I started with flossing my teeth. I’d read about this as a small starting habit and it was easy to stick to. I did it sometimes anyway but not all the time, now I do it all the time. If I don’t do it, I feel odd, as if I’ve missed something. 

DO IT EVERYDAY

If you don’t commit to a new habit everyday, you’re massively reducing your chances of creating a successful new lasting habit. Every time you repeat your new habit you’re reinforcing it, so not doing it often reduces the chances of it sticking. 

MAKE NOTES

I use a planner, and in my planner I have a list of the new habits I want to form, and I tick them off every time I do them.

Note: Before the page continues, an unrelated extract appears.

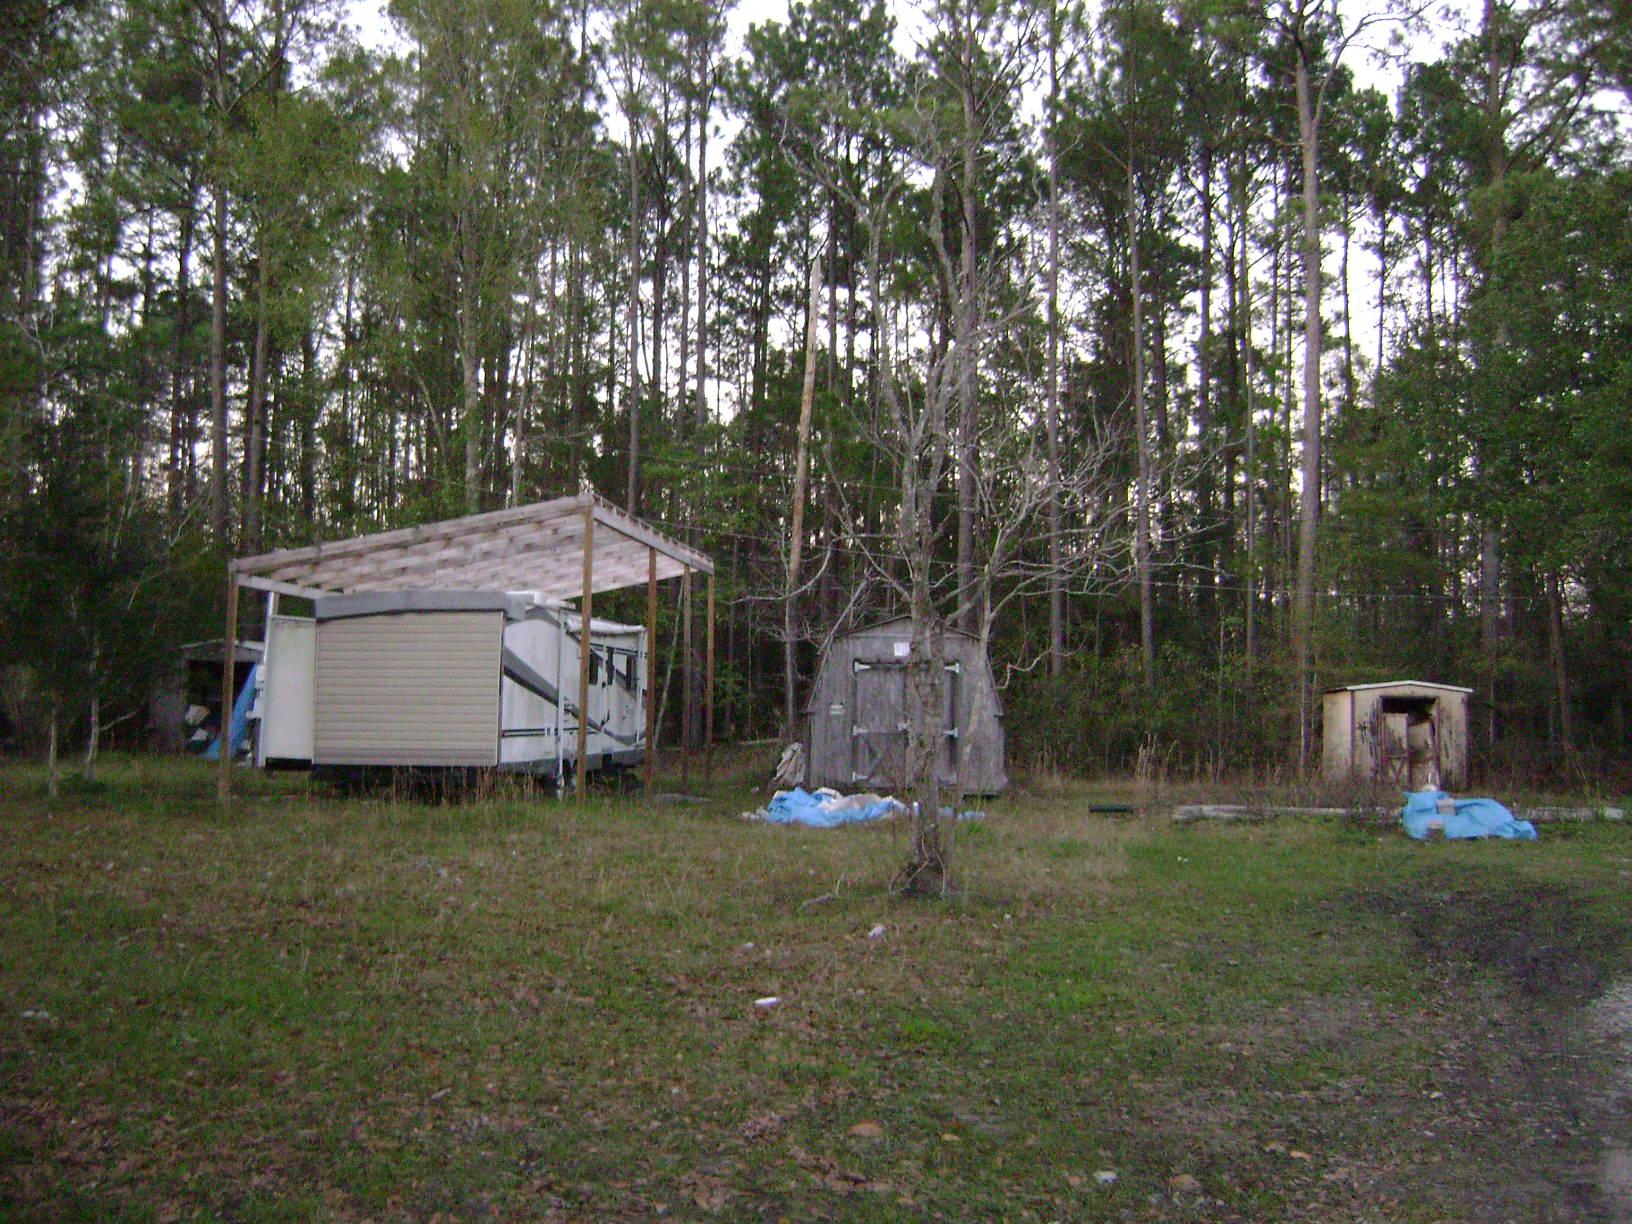 5 N. Acorn Ct, Pearl River, Louisiana 70452

This serves a couple of purposes, firstly, it’s much harder NOT to do something if it’s right in front of you, not letting you forget about it. And secondly, being the rock’n’roll type I am, I like to go back over the weeks and check my consistency.  I’ll get away with something if I can and so I need to hold myself accountable. This works for me, you mught try it to. 

KEEP YOUR WHY CLOSE BY

Why are you trying to change your habits? Whats destructive about your old ones? Write down why your doing what your doing.   eg/ As I’m talking myself into going for another coffee whilst out, I ask myself why I’m trying to cut out this habit. So I tell myself it’s because I’m trying to save the pennies to achieve my goals of security. Then I think twice and don’t go. You get the idea. You’ve got to keep your reasons close to you. They’re your motivation to keep going.